Once you find the line with "1930's Metallic Wood-Patterned" in the data below, transcribe exactly each line from there to the line with "The Cure - I", inclusive, and nothing else. Drop the pictures.

_Extracted material_.
------------------------------------------------

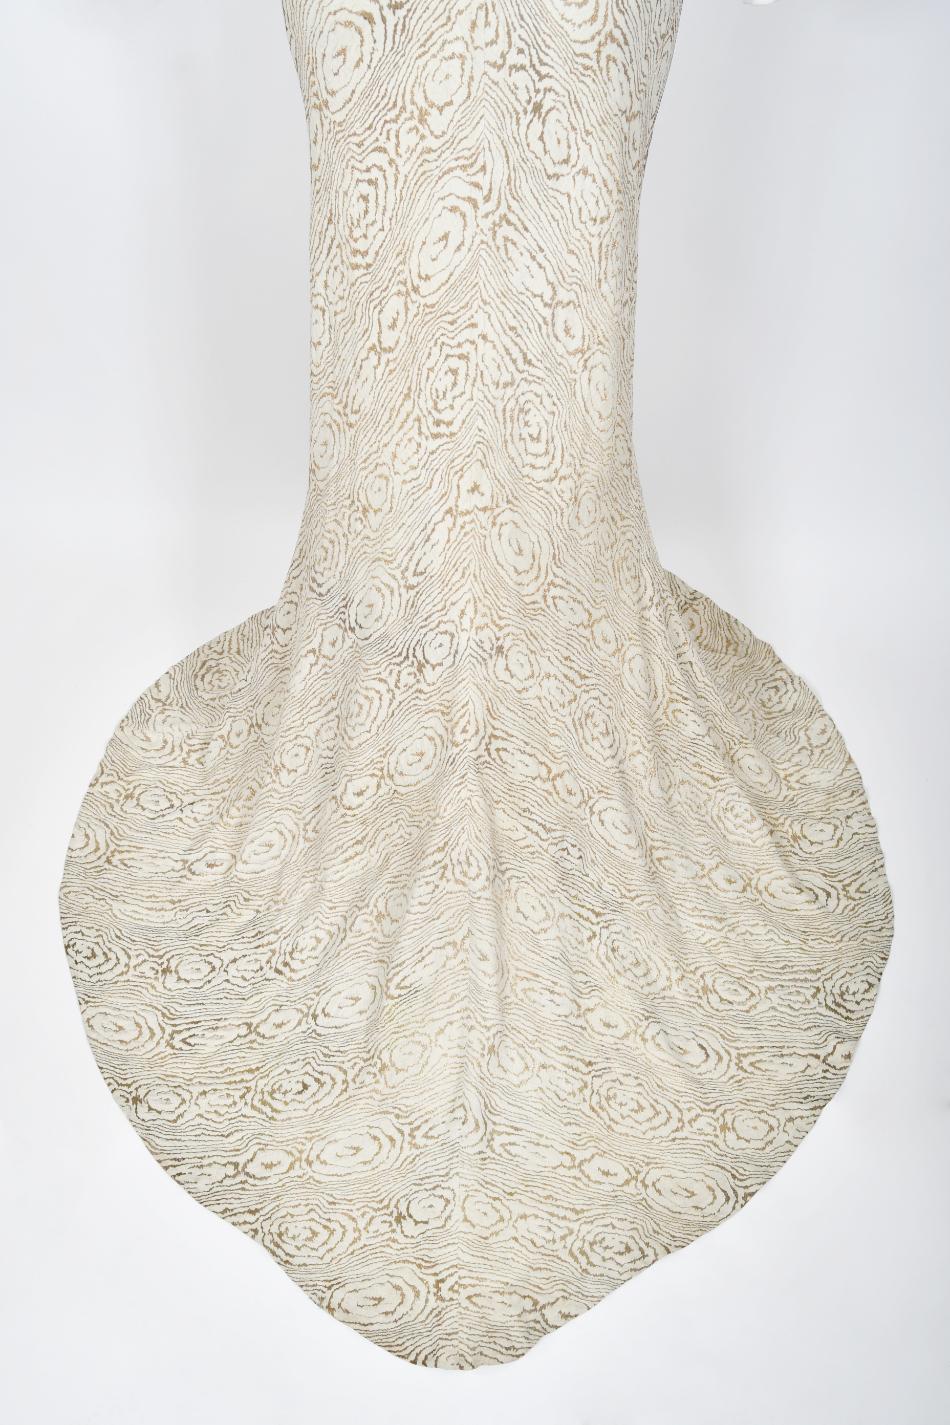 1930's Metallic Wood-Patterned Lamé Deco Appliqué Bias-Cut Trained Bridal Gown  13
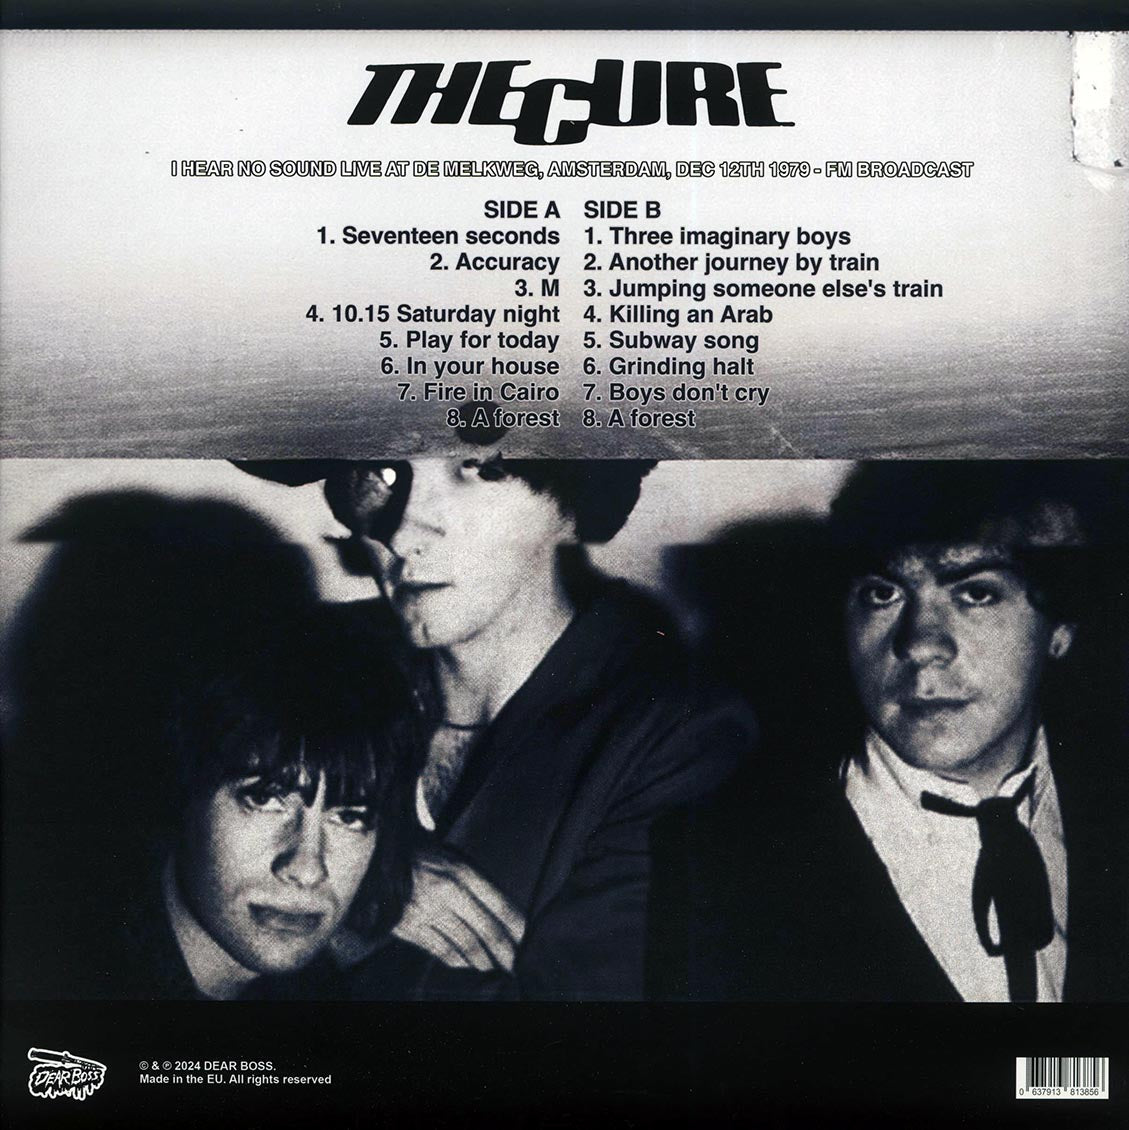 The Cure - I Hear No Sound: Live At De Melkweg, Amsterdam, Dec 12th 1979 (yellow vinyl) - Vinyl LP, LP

------------------------------------------------

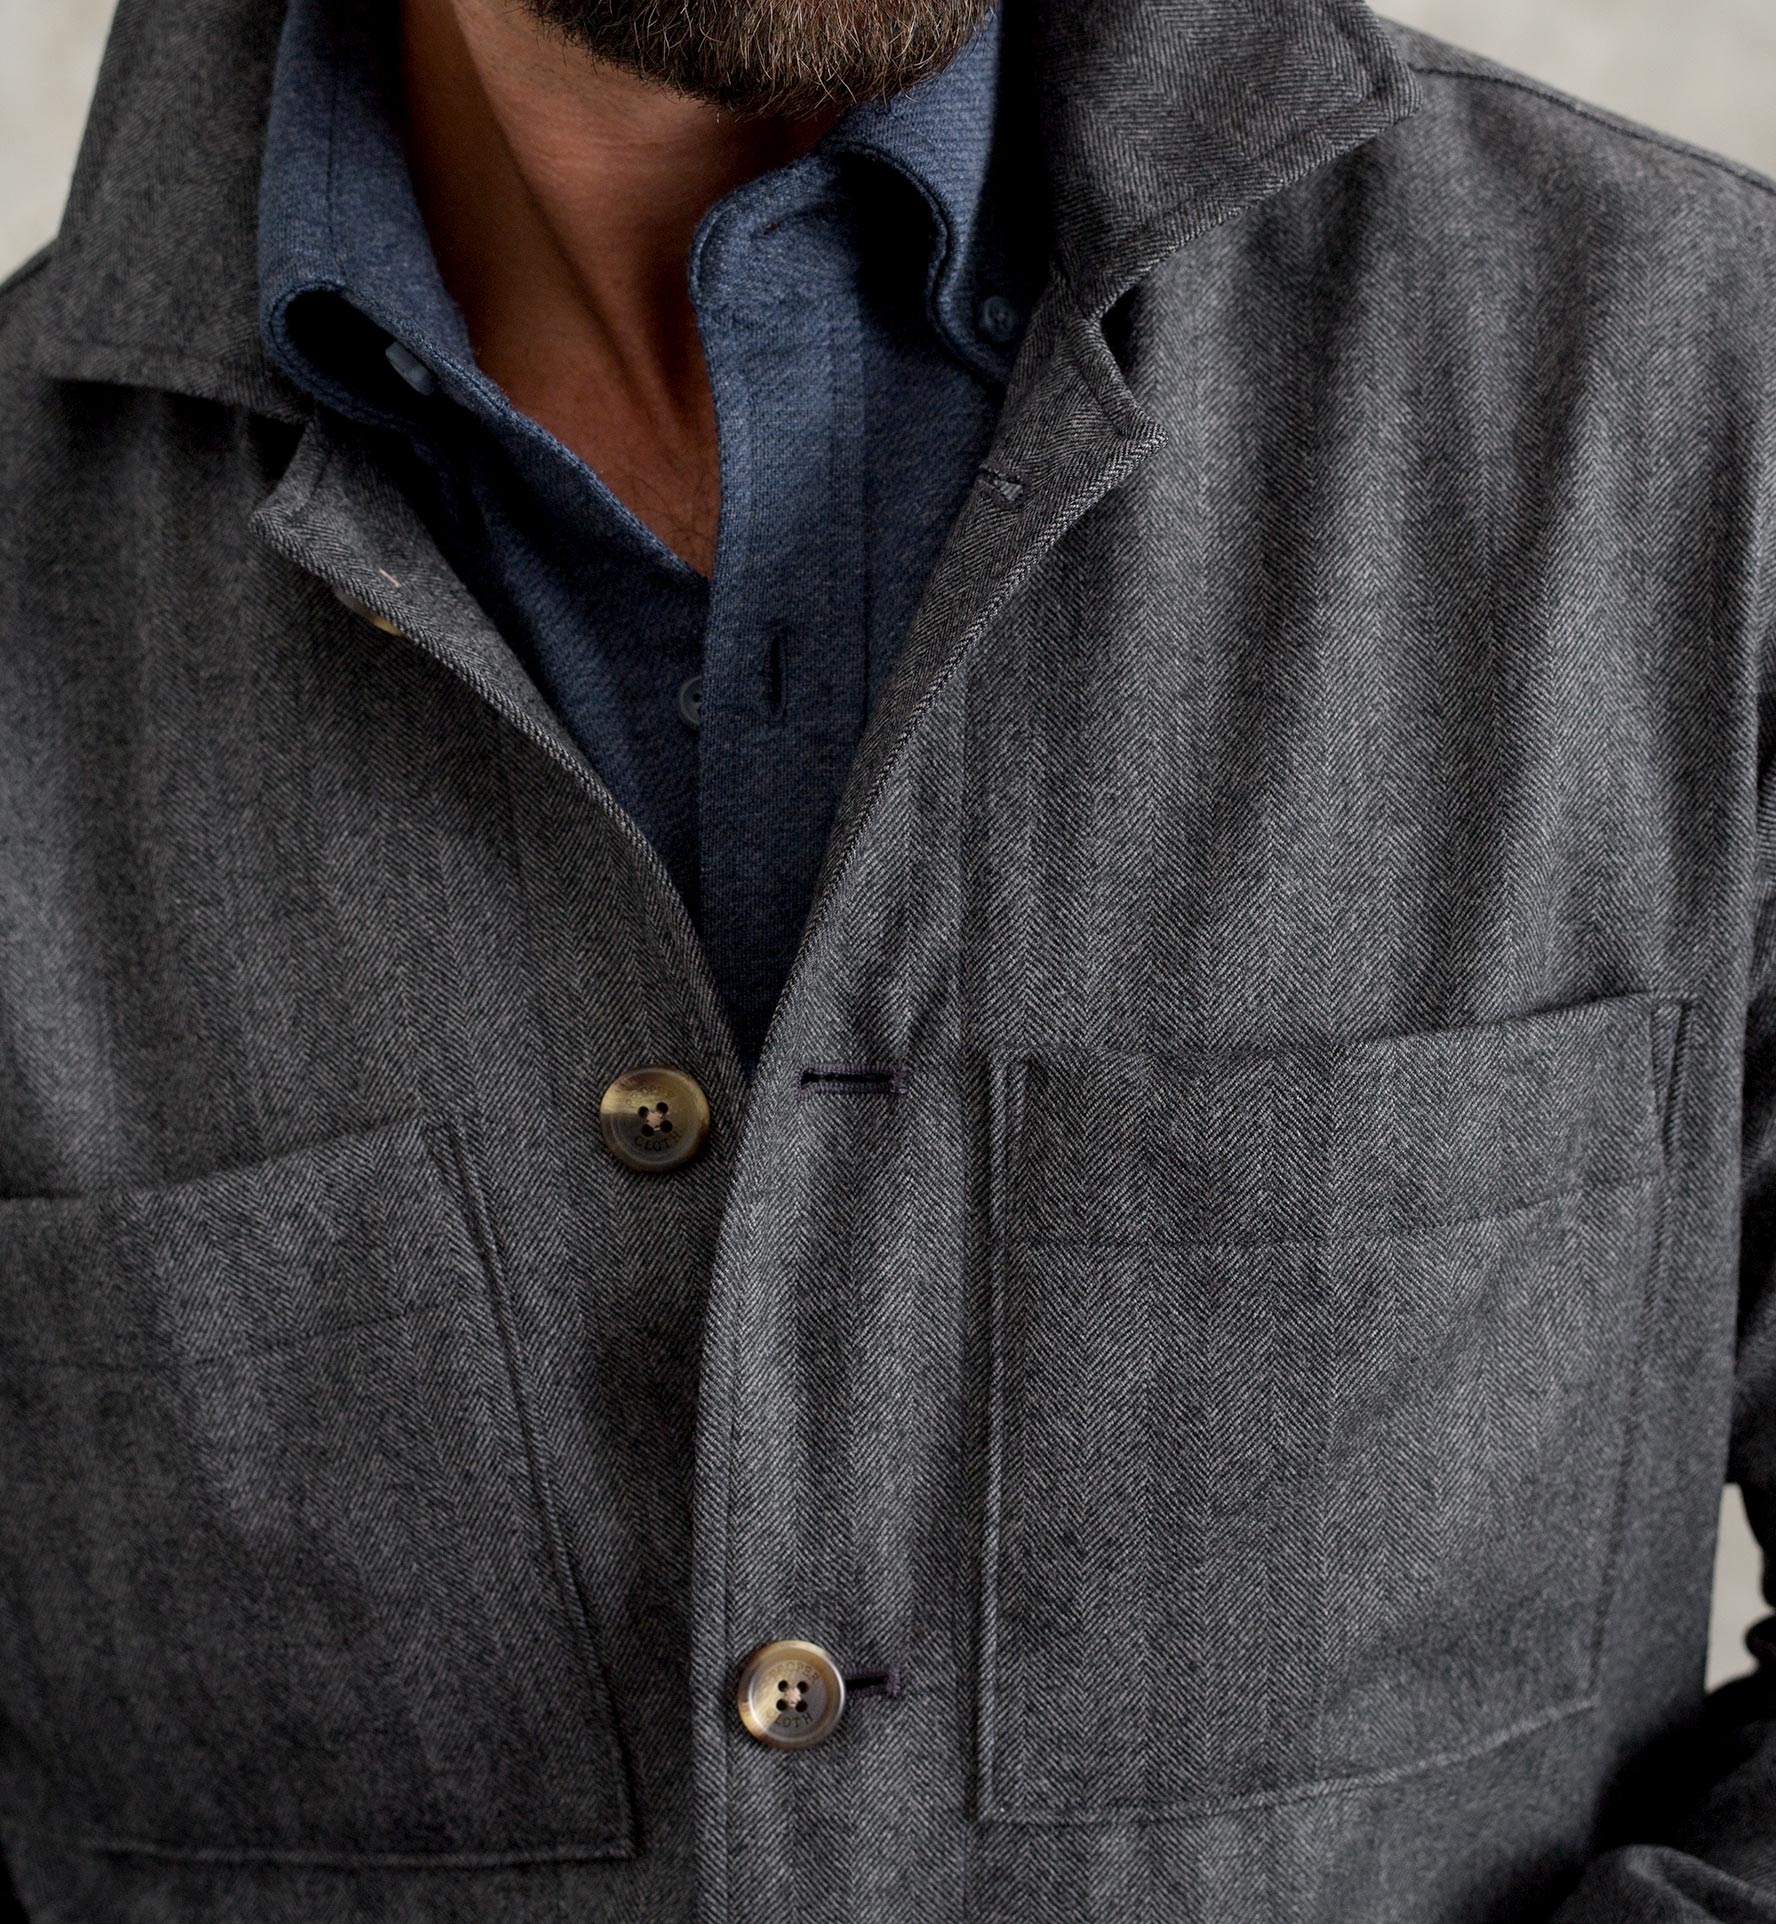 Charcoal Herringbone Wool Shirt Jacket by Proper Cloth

------------------------------------------------

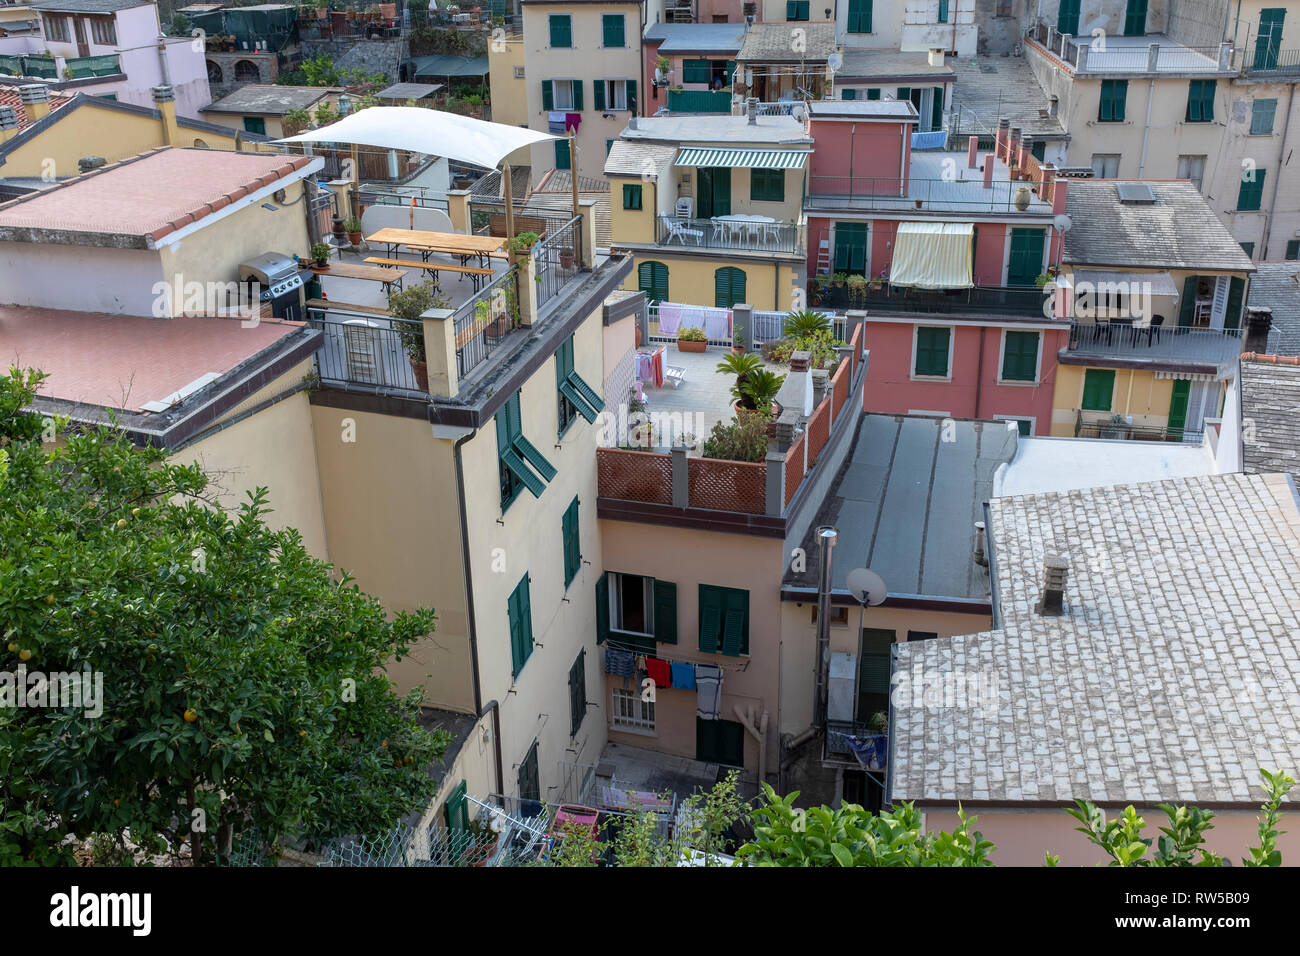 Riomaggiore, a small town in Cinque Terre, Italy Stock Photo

------------------------------------------------

_Task answer_.
 1930's Metallic Wood-Patterned Lamé Deco Appliqué Bias-Cut Trained Bridal Gown  13
 The Cure - I Hear No Sound: Live At De Melkweg, Amsterdam, Dec 12th 1979 (yellow vinyl) - Vinyl LP, LP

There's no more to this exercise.